ON MOTION FOR REHEARING.
GRAVES, Presiding Judge.In the motion for rehearing filed herein appellant complains of the facts presented before the jury and claims same to be insufficient in many respects. We think the facts presented are of sufficient cogency to show that appellant was driving in a negligent manner the car which struck the injured party on the night in question. This matter has been properly decided by the jury and we have no desire to overrule their findings thereon.
Appellant also lays much stress on the fact that the complaint and information herein charges appellant with the offense of driving an automobile and “wilfully and with negligence” colliding with and causing injuries less than death to the person of the alleged injured party.
The statute uses the expression “wilfully or with negligence,” but it has long been the holding of this court that the better pleading would be to use the conjunctive “and” rather than the disjunctive “or,” as found in Article 1149 of the Penal Code, and that the finding of either wilfully or with negligence would be sufficient to uphold a verdict thereunder. We have so held in many cases, and in the recent case of Mackey v. State, 158 Tex. Cr. Rep. 276„ 255 S.W. (2d) 198, it is said:
“ ‘We have heretofore held that an information and complaint in this exact language was correct in the case of Young v. State, 120 Tex. Cr. R. 39, 47 S.W. 2d 320. See also Huff v. State, 123 Tex. Cr.
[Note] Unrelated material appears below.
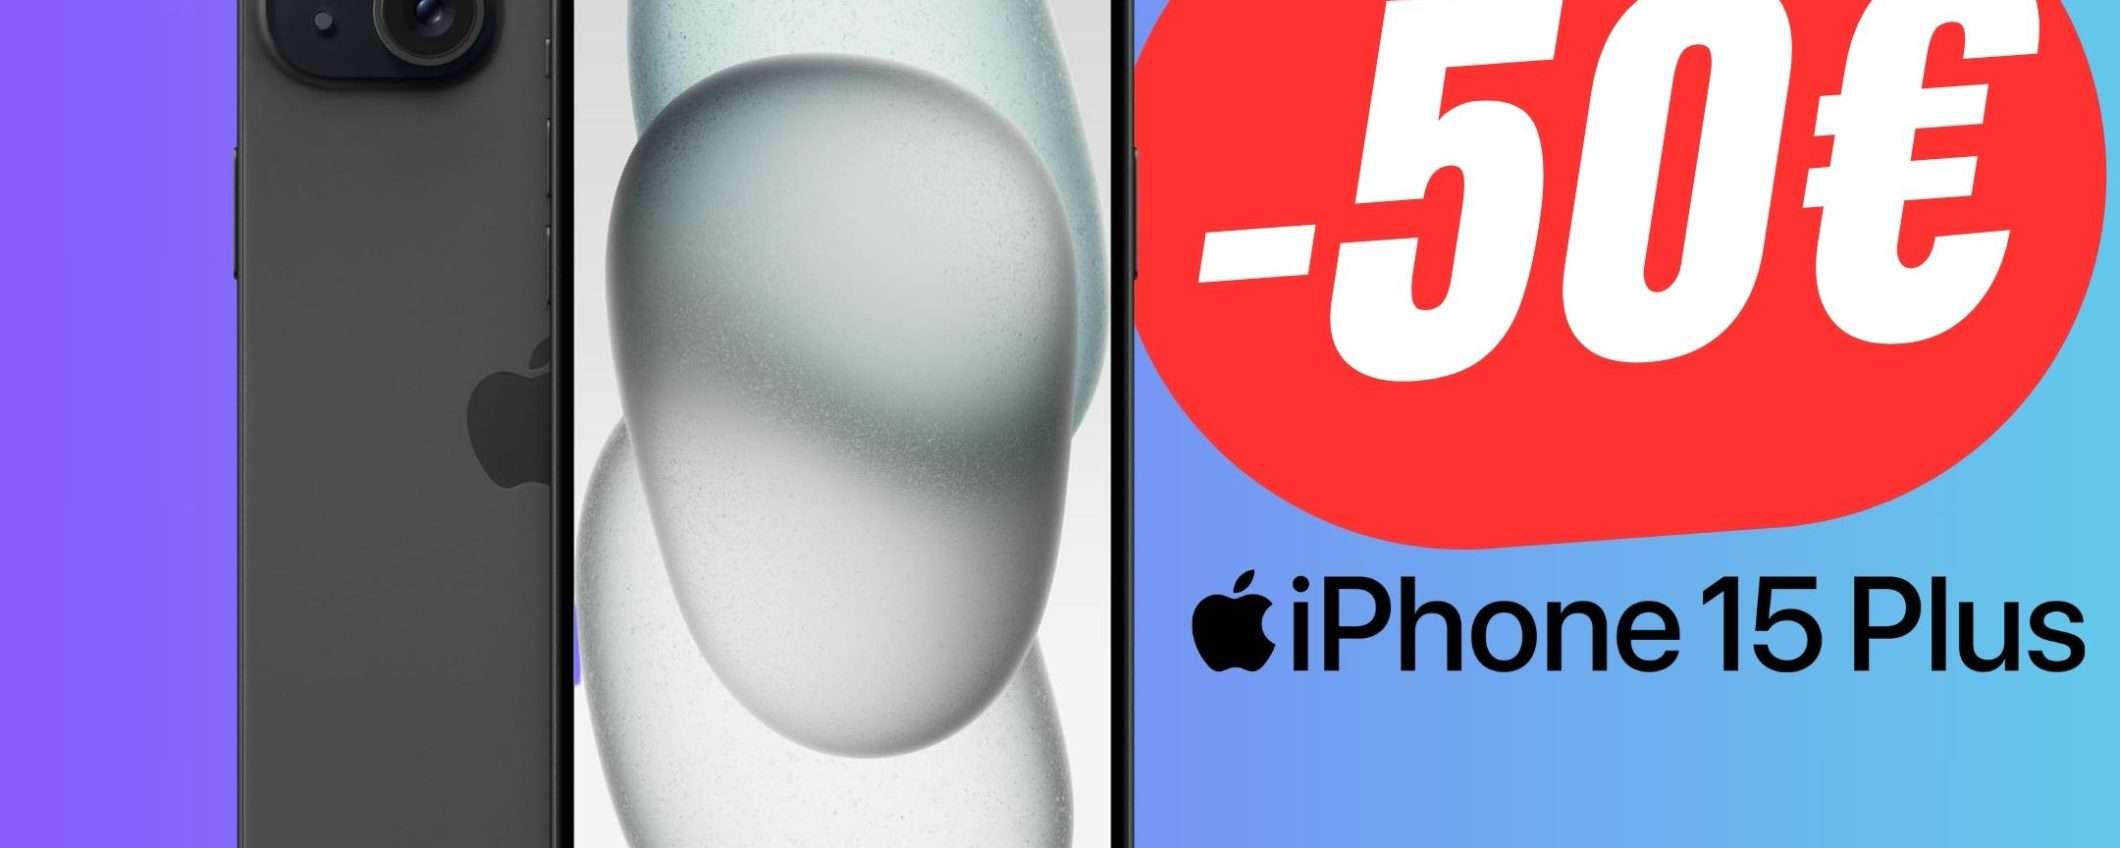 Apple iPhone 15 Plus è scontato su eBay!

R. 238, 58 S.W. 2d 113, and cases there cited.’
“It will be noted from the above quotation that for many years it has been our holding that both negligence and wilfulness may be charged in the same count of the information and that proof of either one of which would be sufficient to uphold a conviction.”
We see no merit in the appellant’s motion for rehearing, and the same is therefore overruled.